Los logros de Roma fueron tan paradójicos como inmensos. Parece que se dieron sin ningún diseño ni plan maestro. GIbbon fue el primero en ver que esta transformación global no podía ser explicada listando fechas y fuentes ni apelando a la intervención divina. Los anticuarios que precedieron a Gibbon no solamente no pudieron explicar el surgimiento de Roma sino que tampoco pudieron percibir, como tan notablemente lo hizo él, que la historia de Roma tenía todos los ingredientes de una gran obra literaria. Gibbon estableció un patrón oro para la historia como literatura, el cual no pudieron igualar ni Johan Gustav Droysen al escribir sobre Alejandro el Grande ni Francis Parkman cuando escribió sobre Francia e Inglaterra en Estados Unidos. Se puede afirmar que el éxito de Gibbon se debió tanto a la grandeza de su tema como a su incansable diligencia al componer su trabajo. Los tres libros reseñados demuestran que el apetito por la historia romana continúa sin disminuir hasta hoy.

Los lectores angloparlantes tienen todas las razones para regocijarse de que Gibbon, el primero y más grande de los historiadores modernos de Roma, escribiese en su idioma. Theodor Mommsen, quien ganó el Premio Nobel por escribir sobre Roma antigua en alemán, sabía perfectamente bien que no era ningún Gibbon. Mommsen categóricamente rehusó continuar su historia de Roma hasta el periodo imperial, donde habría tenido que competir con su admirado predecesor del siglo 18. Aparte de La revolución romana de Ronald Syme, de 1939, que destiló la ironía y la visión del latín de Tácito en una lapidaria prosa inglesa, ninguna historia de Roma en inglés ha alcanzado la única combinación de investigación profunda y estilo literario de Gibbon.

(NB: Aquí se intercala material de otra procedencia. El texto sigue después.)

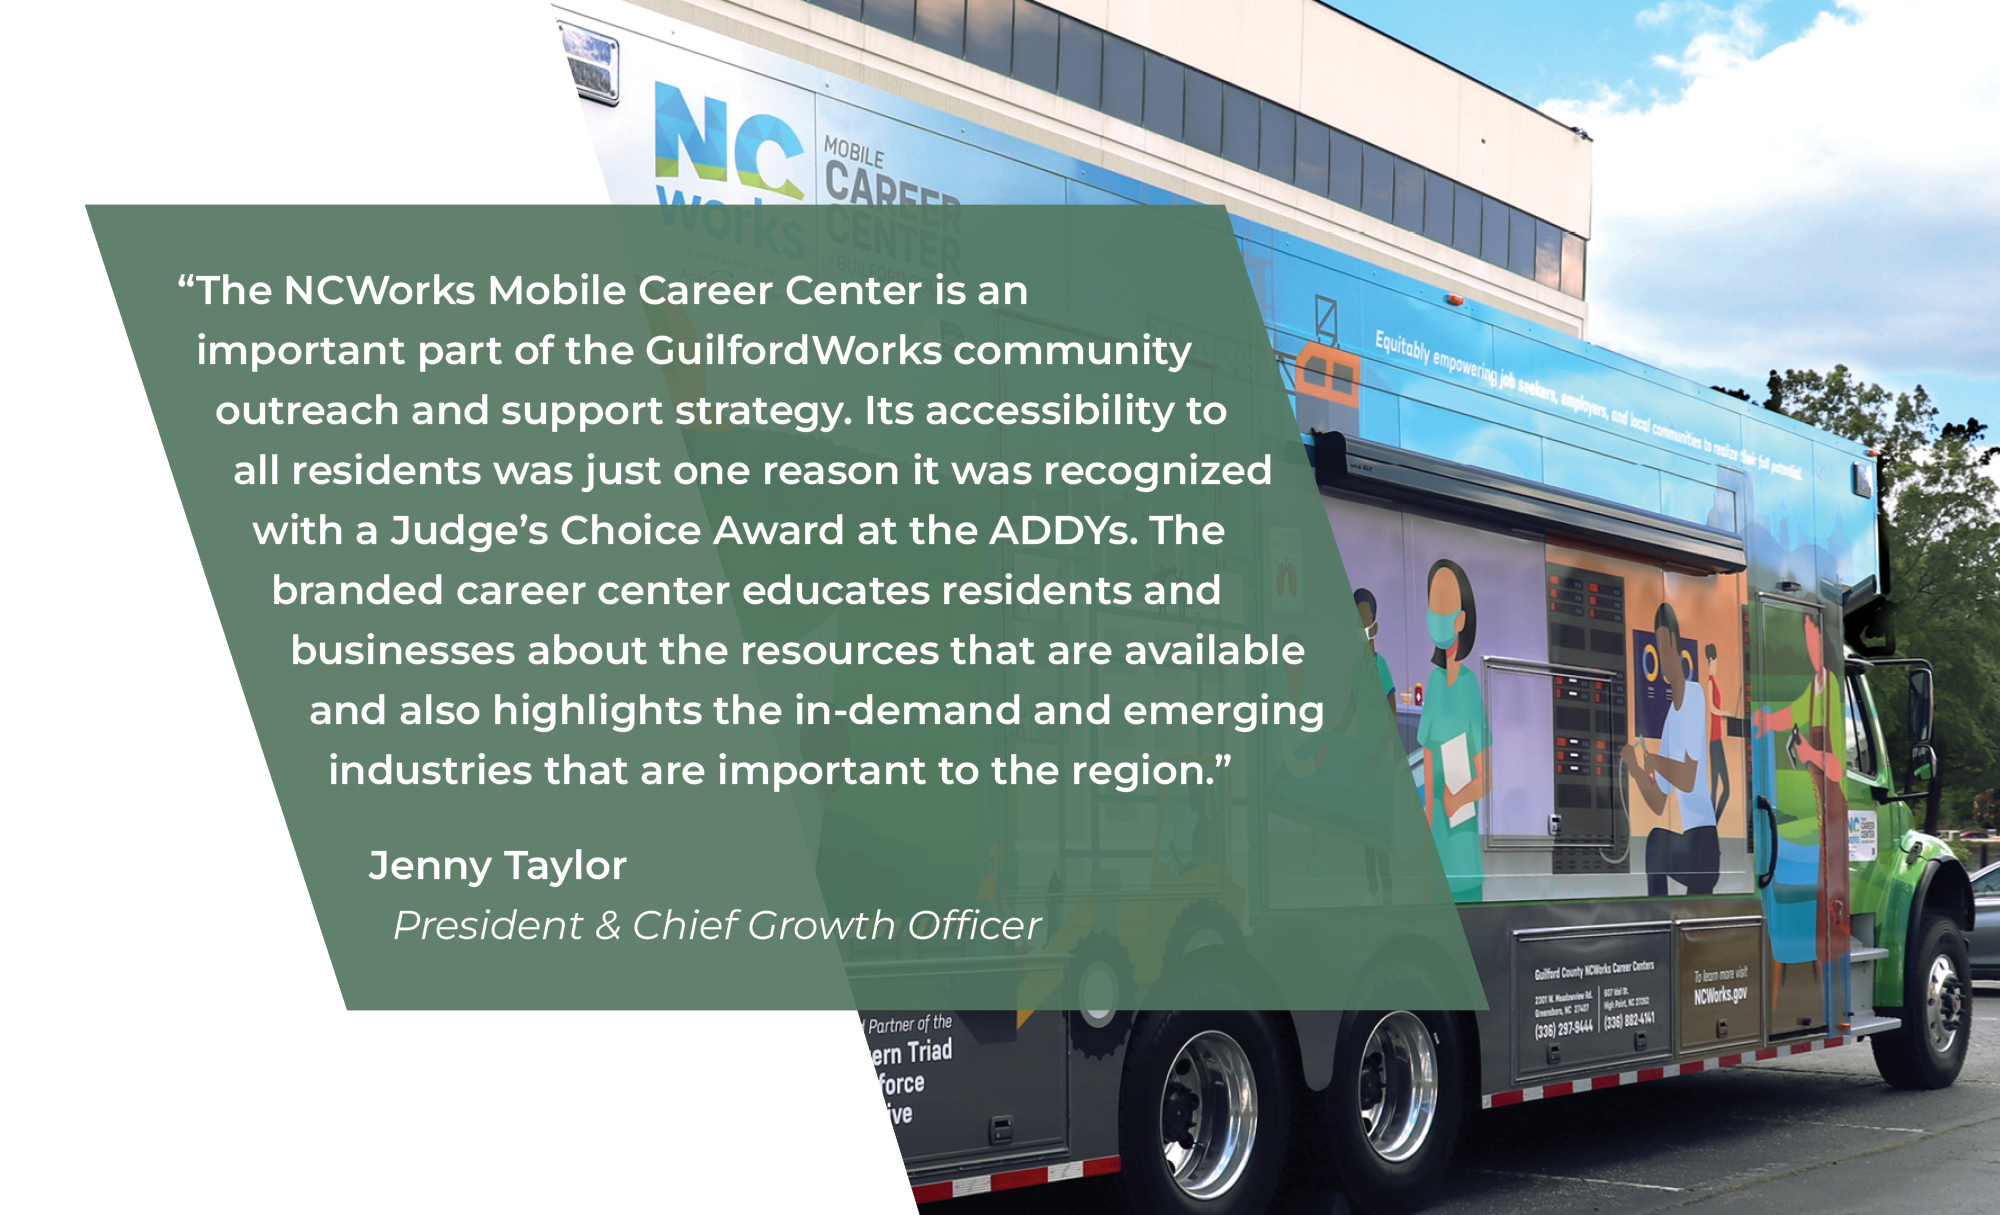 The NCWorks Mobile Career Center is an important part of the GuilfordWorks community outreach and support strategy. Its accessibility to all residents was just one reason it was recognized with a Judge’s Choice Award at the ADDYs. The branded career center educates residents and businesses about the resources that are available and also highlights the in-demand and emerging industries that are important to the region.

Con todo, por una asombrosa coincidencia, dos autores ingleses contemporáneos, quienes escriben a menudo y bien sobre Roma antigua, Mary Beard y Tom Holland, simultáneamente han producido muy legibles historias de Roma. Sería paternalista y estaría mal hablar de sus obras como popularizaciones, pero pocas dudas hay de que ambos autores son merecidamente populares. Entre ambos, ellos hecho más para promover los estudios clásicos que todos los profesores que intentan llegar a miles de lectores mediante los programas electrónicos actualmente conocidos como cursos masivos abiertos en línea (massive open online courses,  MOOCs).

Los nuevos libros de Beard y Holland coinciden de lo más cercanamente en su tratamiento del final de la República Romana y el primer siglo del imperio, pero también ambos se remontan hasta Rómulo y Remo. Ambos libros muestran la experiencia de los dos autores en comunicarse con una audiencia general mediante comenzar al medio de la narración, para ganarse la atención del lector, para luego dar una vuelta y llenar lo que pasó antes. Beard comienza con la denuncia de Cicerón, en 63 AC, sobre la conspiración de Catilina, y Holland empieza en 40 AC con Calígula sentado en una playa de la costa de Francia mirando hacia Gran Bretaña. Estas páginas iniciales atraen inexorablemente al lector hacia la compleja red que tejen los autores.

Pero estos libros no podrían ser más diferentes. Beard expresamente llama a SPQR, “una historia de la antigua Roma”, y su oración inicial afirma contundentemente: “Roma antigua es importante”. Su título es la antigua abreviación estándar de Senatus Populusque Romanus, “el Senado y el Pueblo de Roma”, y como ella señala, esta aún adorna las tapas de buzones y latas de basura en la Roma de hoy. Nadie podría dudar de que lo que ella ha escrito tiene relevancia contemporánea. Su historia evoca un pasado que visiblemente impacta sobre el presente, como constantemente se les recuerda a los viajeros modernos en Europa, los Balcanes, Anatolia, el Norte de África y el Cercano Oriente.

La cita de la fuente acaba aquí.